*** DATASET SECTION Section Begins ***

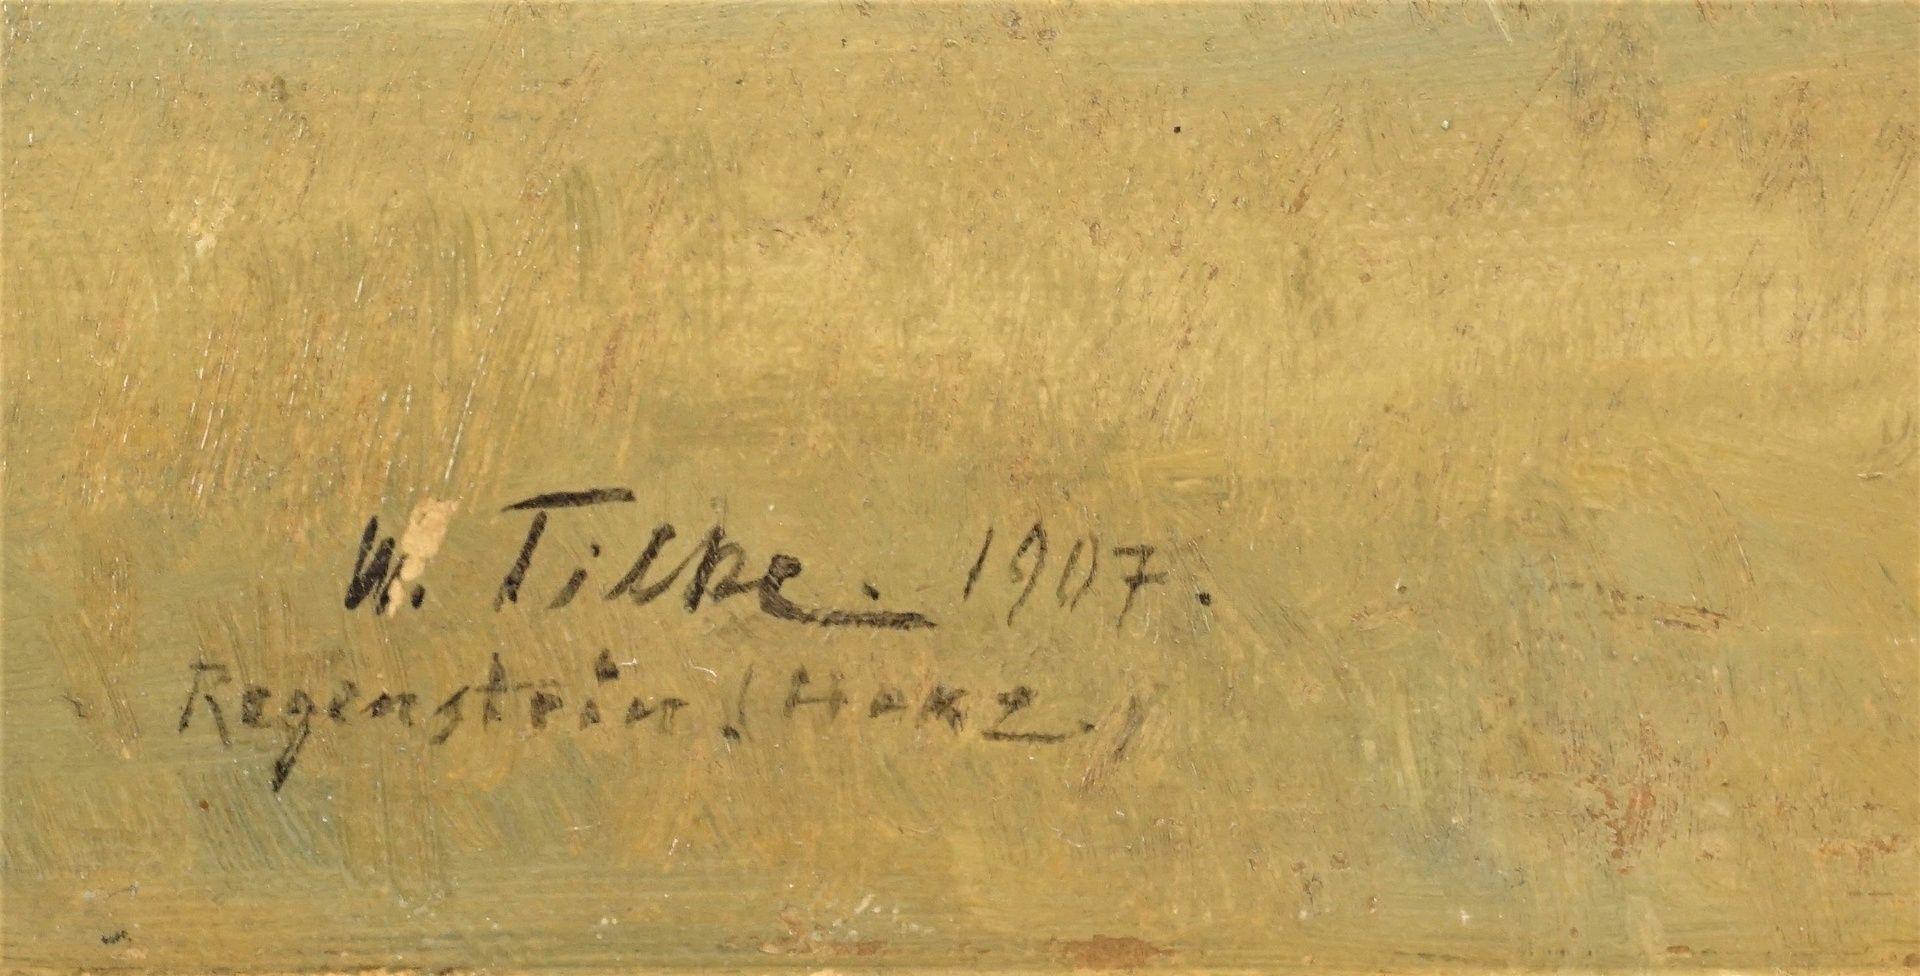 Willy Constantin Tilke, Aufziehendes Gewitter am Regenstein im Harz - Bild 4 aus 4
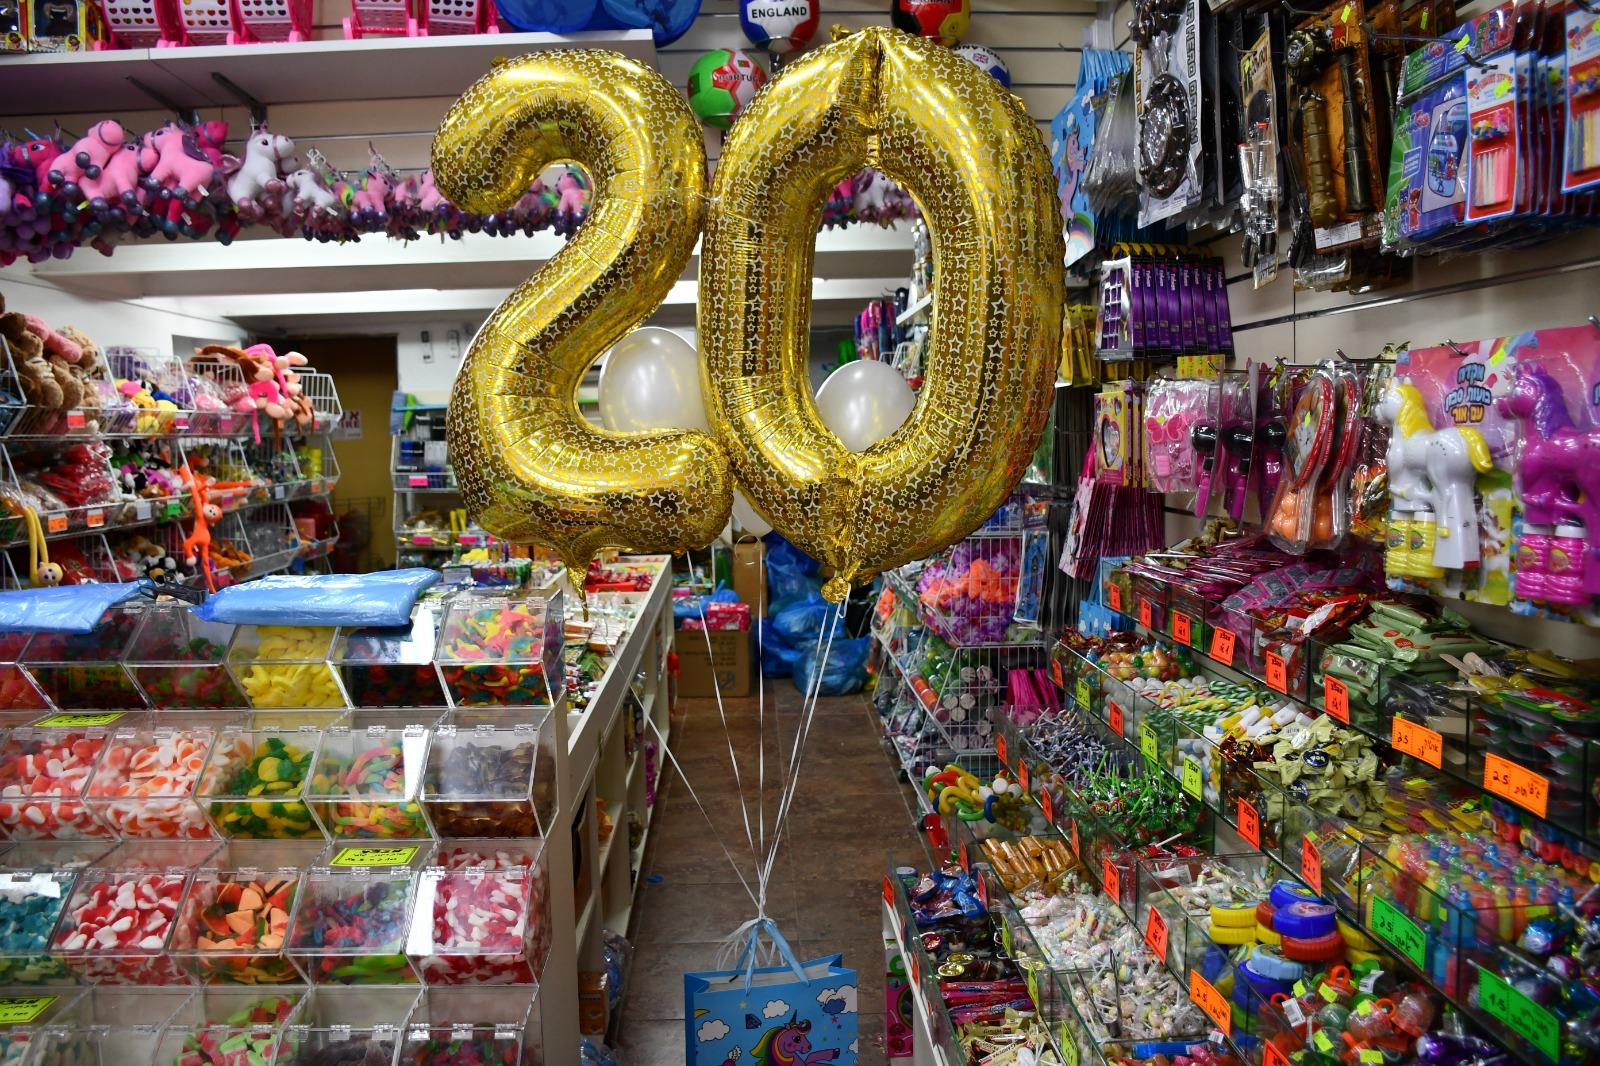 حلويات وهدايا للمناسبات وأعياد الميلاد بأسعار مميزة لدى محل واحد وعشرين شيكل بيافا
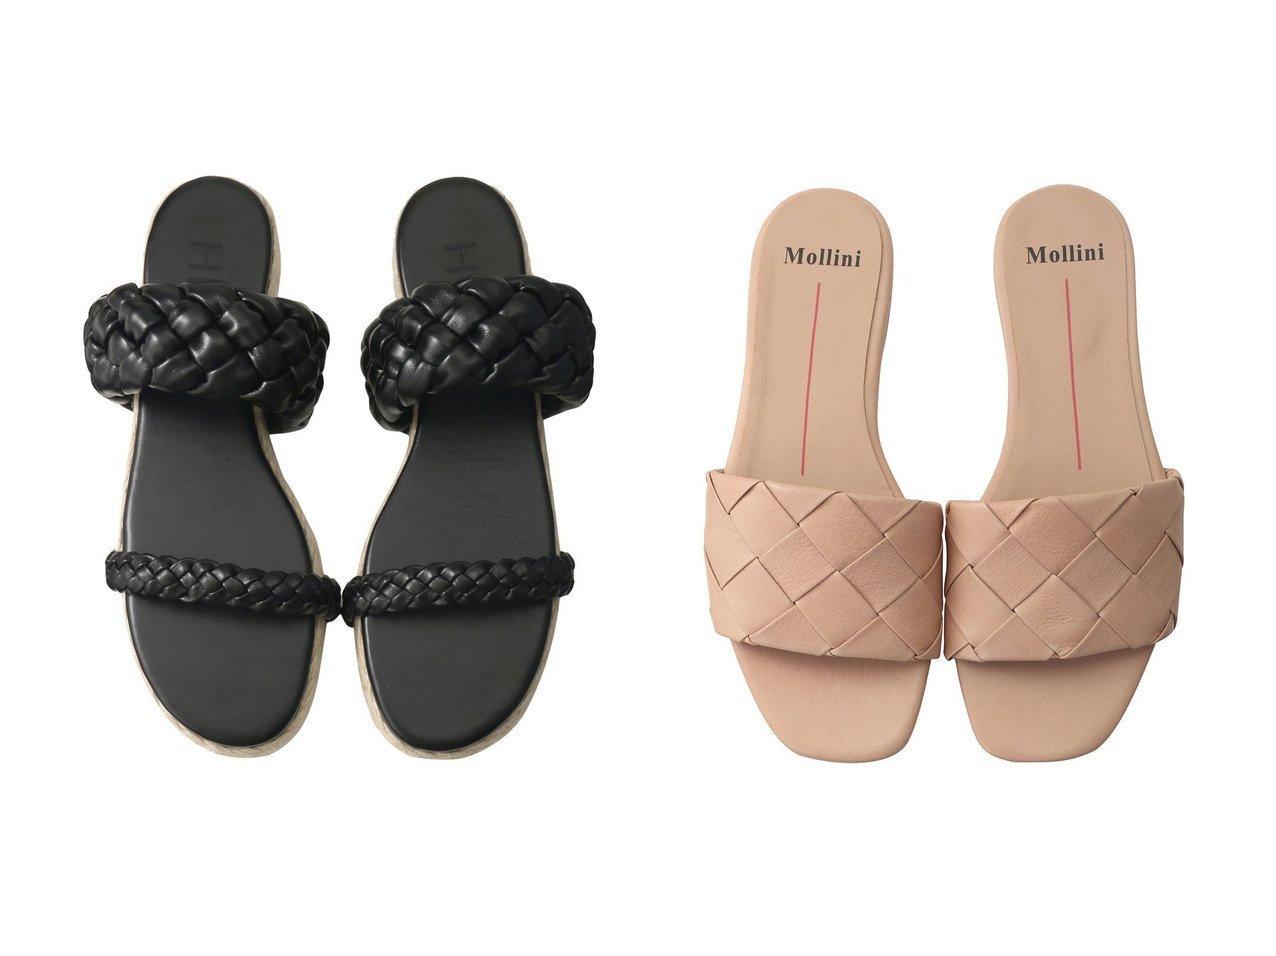 【HEWN/ヒューン】のブレードストラップエスパドリーユ&【JET/ジェット】の【Mollini】レザーサンダル 【シューズ・靴】おすすめ!人気、トレンド・レディースファッションの通販  おすすめで人気の流行・トレンド、ファッションの通販商品 メンズファッション・キッズファッション・インテリア・家具・レディースファッション・服の通販 founy(ファニー) https://founy.com/ ファッション Fashion レディースファッション WOMEN 2021年 2021 2021 春夏 S/S SS Spring/Summer 2021 S/S 春夏 SS Spring/Summer なめらか サンダル スマート 春 Spring |ID:crp329100000025512

*** DATASET SECTION Section Ends ***

Write out all the material above exactly, with no image carried over.

OUTPUT FOR THIS EXERCISE:
 Willy Constantin Tilke, Aufziehendes Gewitter am Regenstein im Harz - Bild 4 aus 4
 حلويات وهدايا للمناسبات وأعياد الميلاد بأسعار مميزة لدى محل واحد وعشرين شيكل بيافا
 【HEWN/ヒューン】のブレードストラップエスパドリーユ&【JET/ジェット】の【Mollini】レザーサンダル 【シューズ・靴】おすすめ!人気、トレンド・レディースファッションの通販  おすすめで人気の流行・トレンド、ファッションの通販商品 メンズファッション・キッズファッション・インテリア・家具・レディースファッション・服の通販 founy(ファニー) https://founy.com/ ファッション Fashion レディースファッション WOMEN 2021年 2021 2021 春夏 S/S SS Spring/Summer 2021 S/S 春夏 SS Spring/Summer なめらか サンダル スマート 春 Spring |ID:crp329100000025512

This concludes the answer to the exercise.